> [WHAT YOU WILL DO] Without the pictures, write out every entry that follows exactly.

> [INPUT MATERIAL]
----

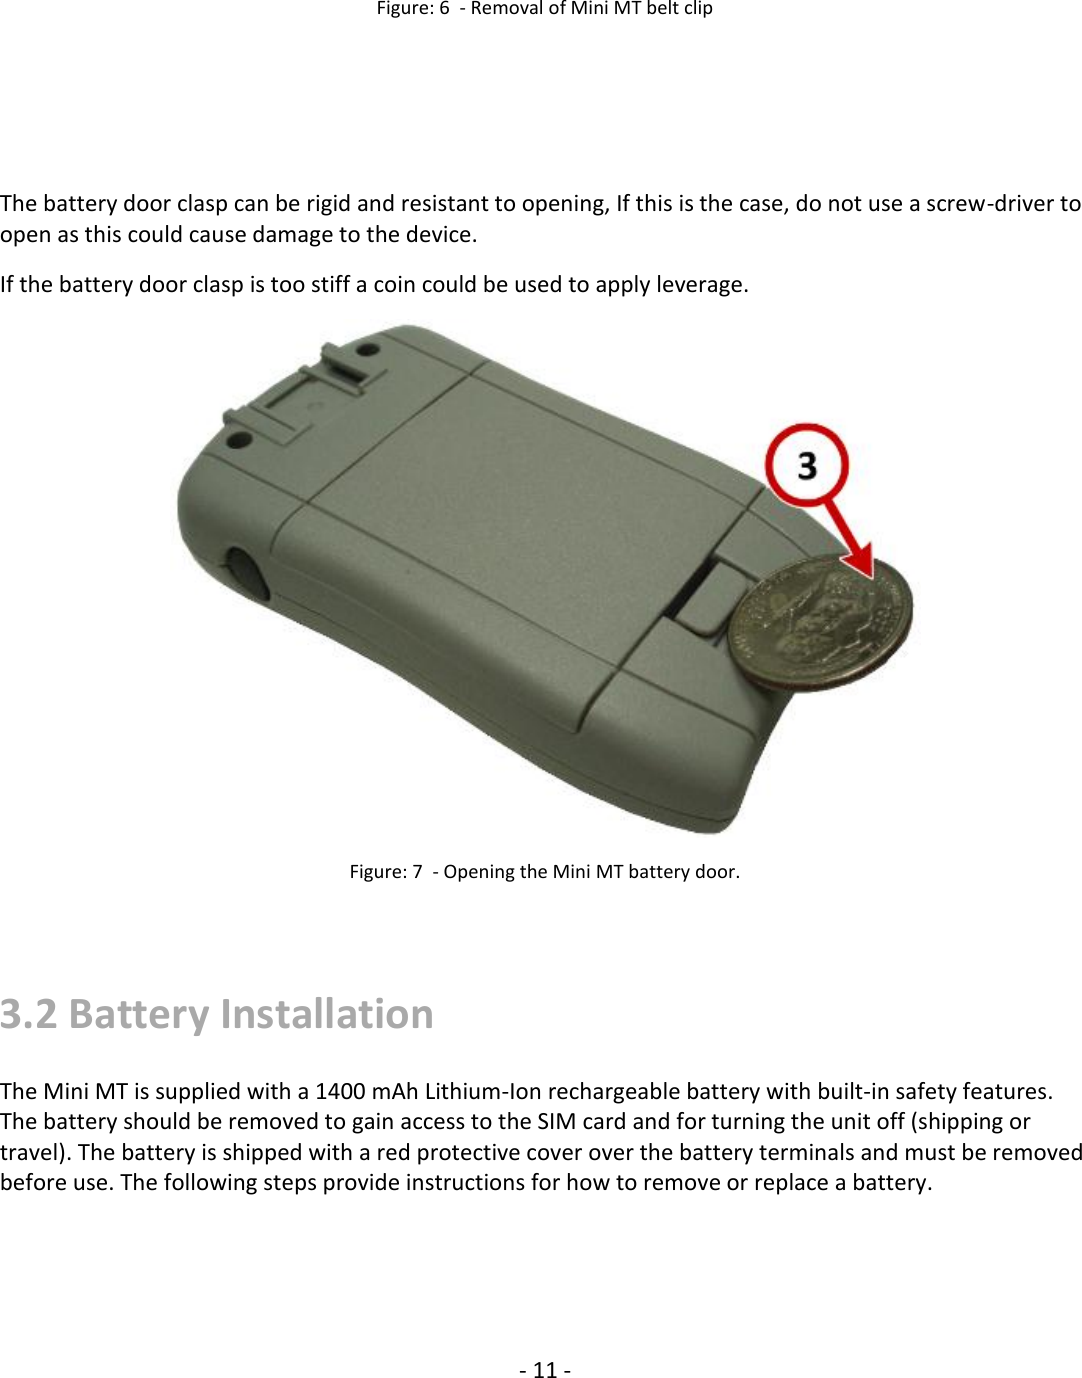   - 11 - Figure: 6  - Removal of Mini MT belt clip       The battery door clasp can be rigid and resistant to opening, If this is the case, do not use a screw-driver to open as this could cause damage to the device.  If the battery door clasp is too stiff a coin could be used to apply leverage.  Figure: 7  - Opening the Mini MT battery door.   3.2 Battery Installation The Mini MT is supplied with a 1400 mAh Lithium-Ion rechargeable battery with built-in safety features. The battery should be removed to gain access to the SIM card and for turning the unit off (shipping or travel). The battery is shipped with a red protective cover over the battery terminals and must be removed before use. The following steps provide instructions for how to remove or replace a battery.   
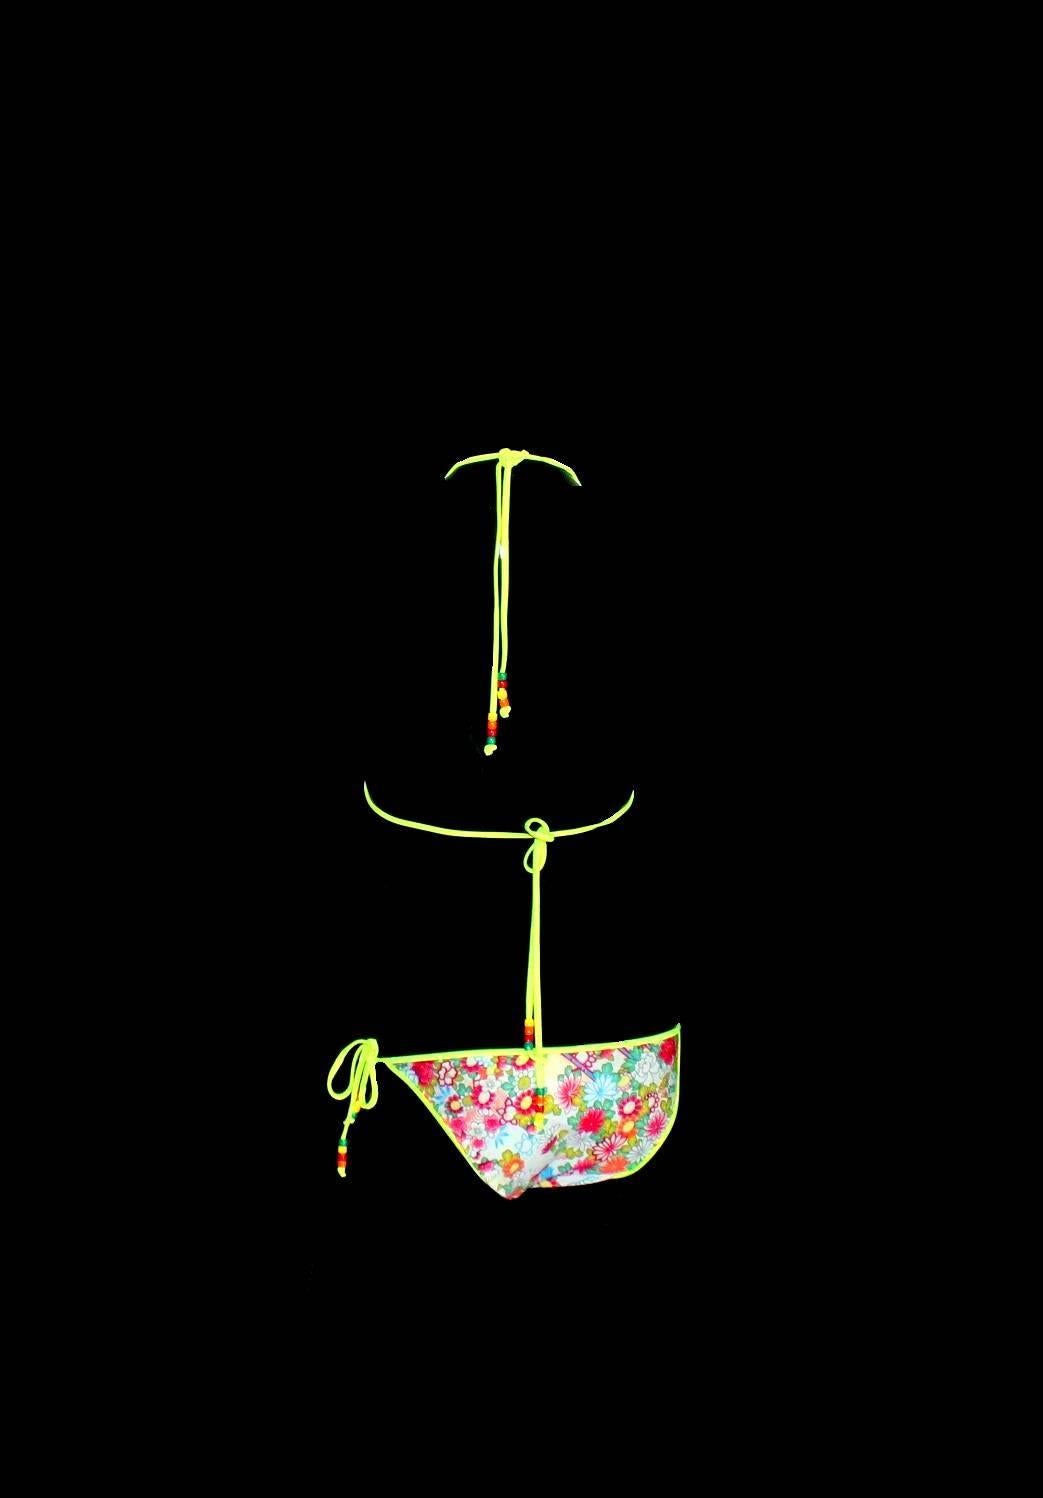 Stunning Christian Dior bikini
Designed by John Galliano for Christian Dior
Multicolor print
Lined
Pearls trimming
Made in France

----

> [ANSWER BELOW]
   - 11 - Figure: 6  - Removal of Mini MT belt clip       The battery door clasp can be rigid and resistant to opening, If this is the case, do not use a screw-driver to open as this could cause damage to the device.  If the battery door clasp is too stiff a coin could be used to apply leverage.  Figure: 7  - Opening the Mini MT battery door.   3.2 Battery Installation The Mini MT is supplied with a 1400 mAh Lithium-Ion rechargeable battery with built-in safety features. The battery should be removed to gain access to the SIM card and for turning the unit off (shipping or travel). The battery is shipped with a red protective cover over the battery terminals and must be removed before use. The following steps provide instructions for how to remove or replace a battery.   
 Stunning Christian Dior bikini
Designed by John Galliano for Christian Dior
Multicolor print
Lined
Pearls trimming
Made in France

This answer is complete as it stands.